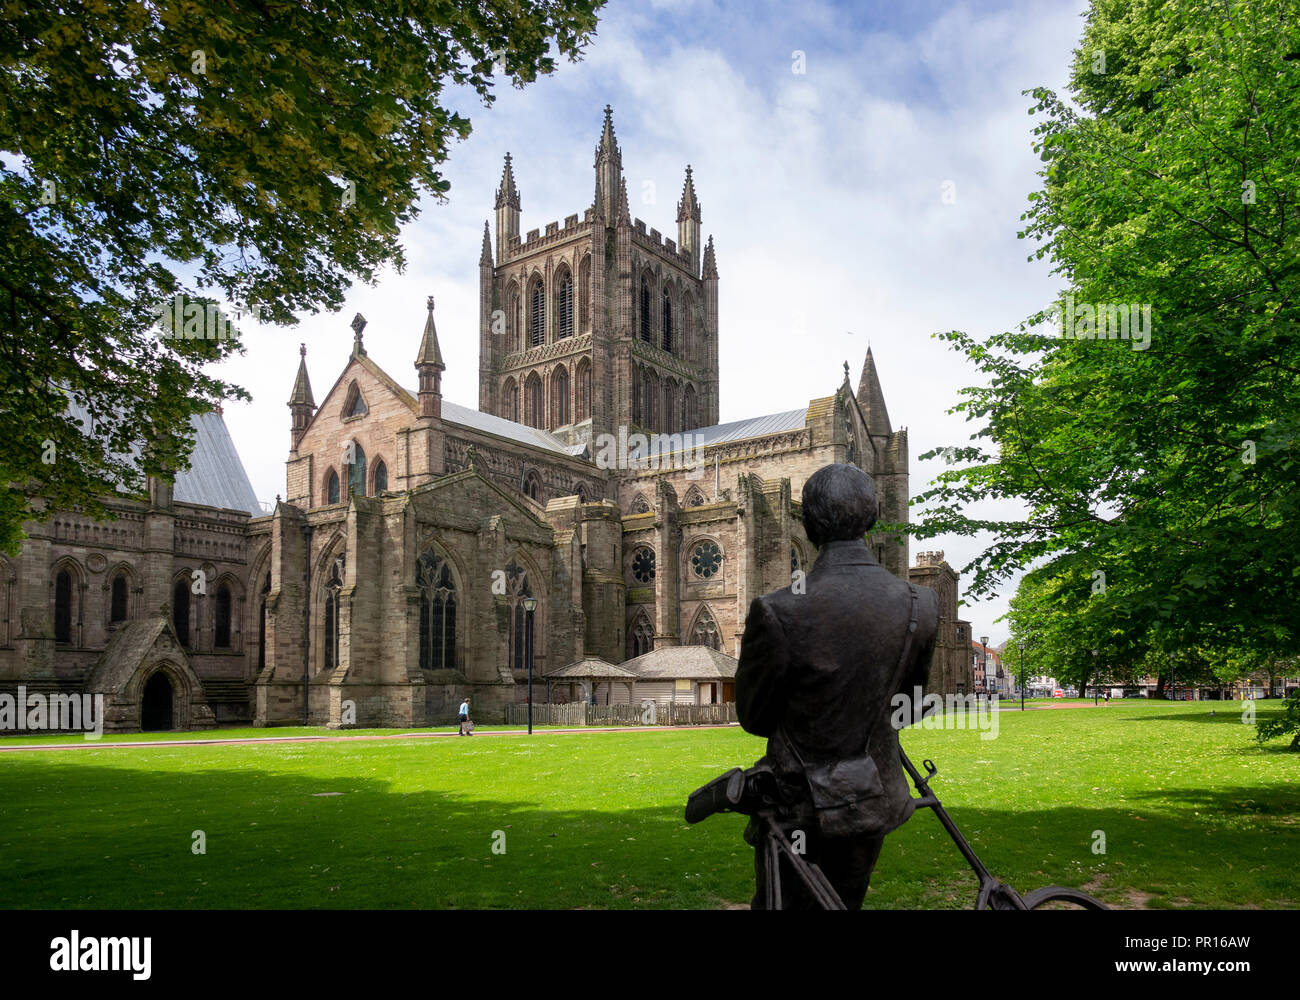 Kathedrale von Norden nach Osten und die Statue von Sir Edward Elgar von Jemma Pearson, Hereford, Herefordshire, England, Vereinigtes Königreich, Europa Stockfoto
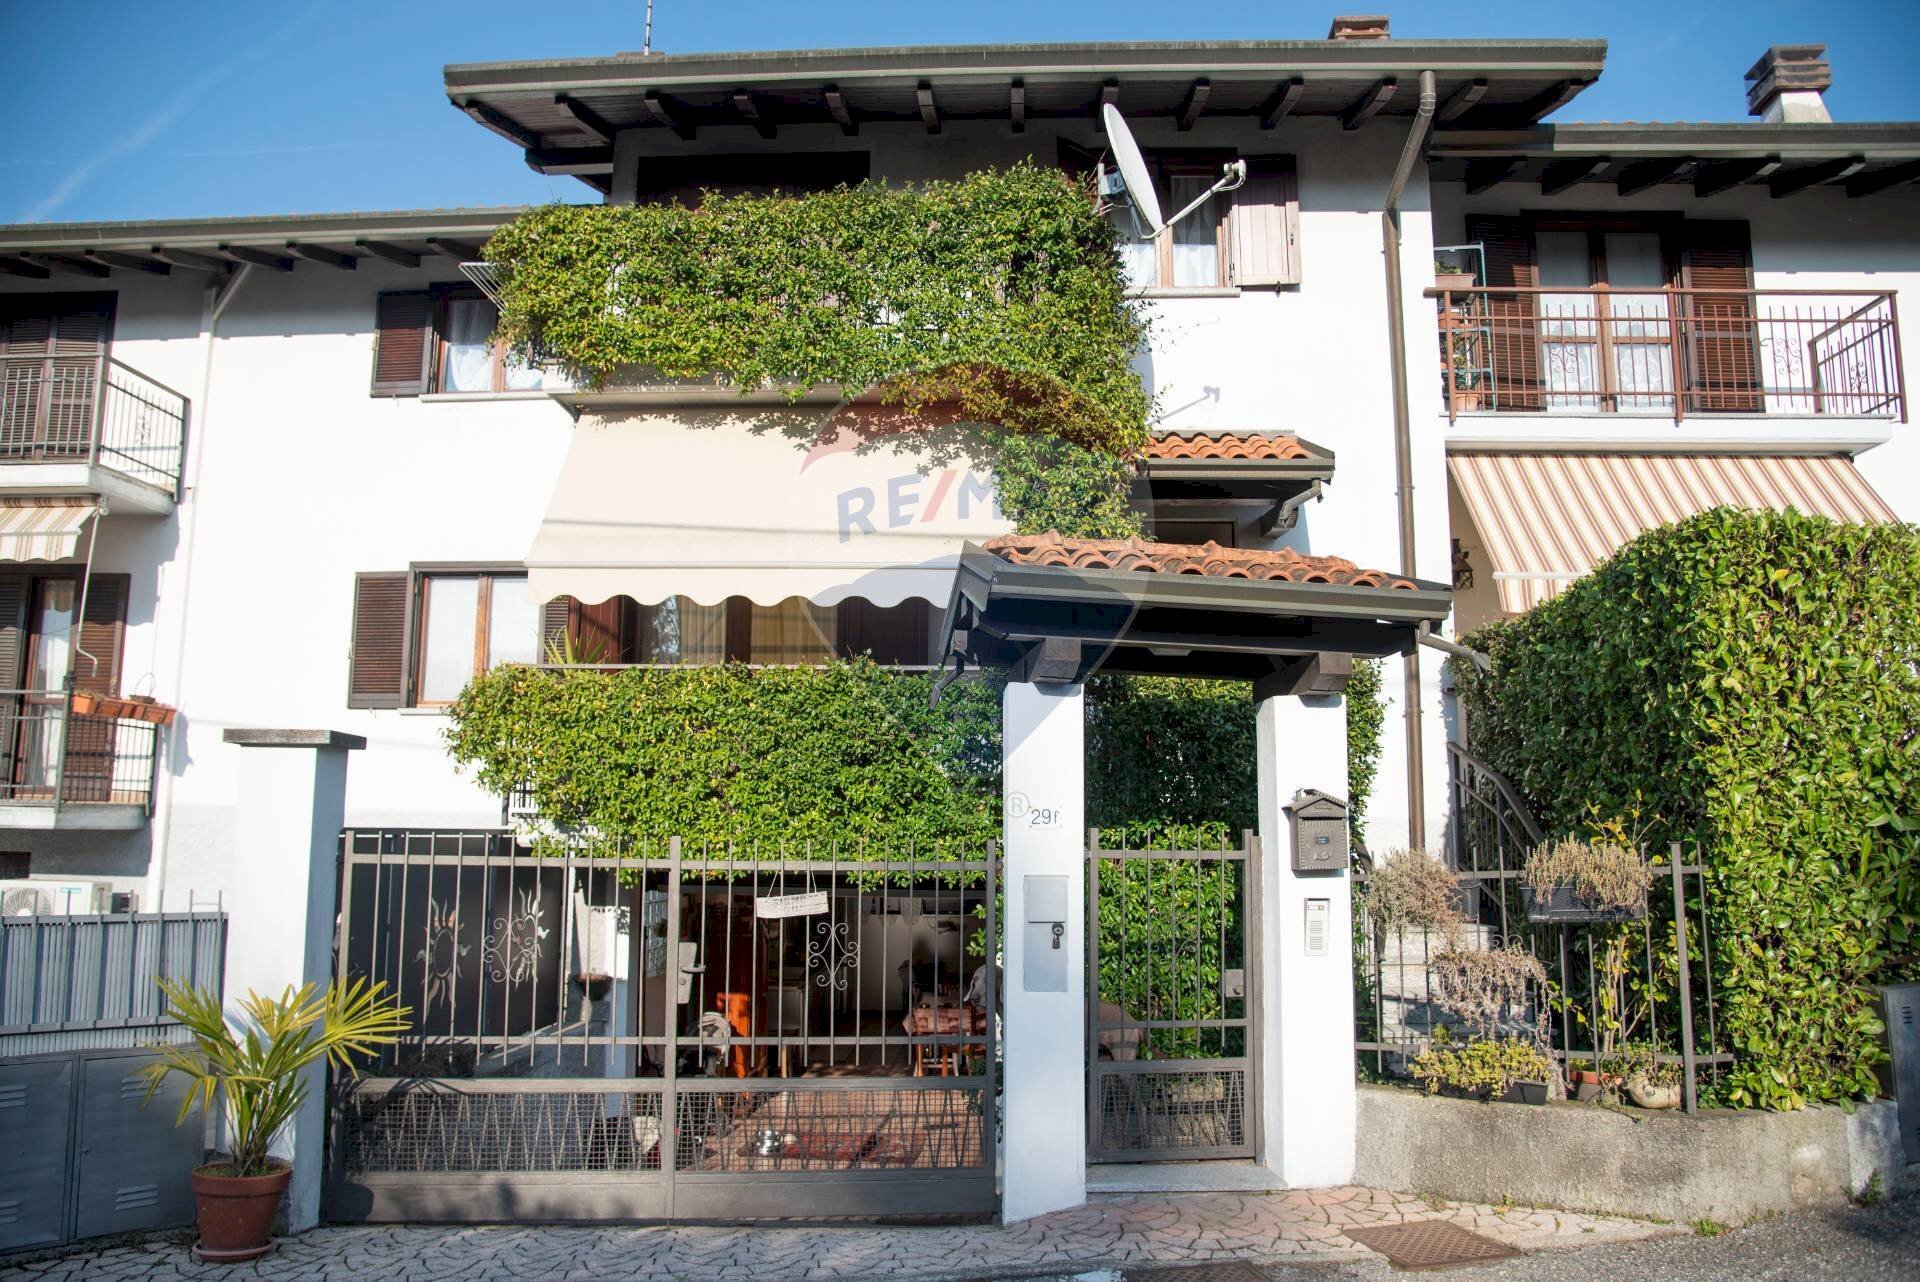 Vendita Villa a Schiera Via Copelli, 29
Luino, Luino

▶ WHAT THE EXERCISE ASKS: Exclude the pictures and print the rest of the data exactly.

▶ RESULT:
 Kathedrale von Norden nach Osten und die Statue von Sir Edward Elgar von Jemma Pearson, Hereford, Herefordshire, England, Vereinigtes Königreich, Europa Stockfoto
 Vendita Villa a Schiera Via Copelli, 29
Luino, Luino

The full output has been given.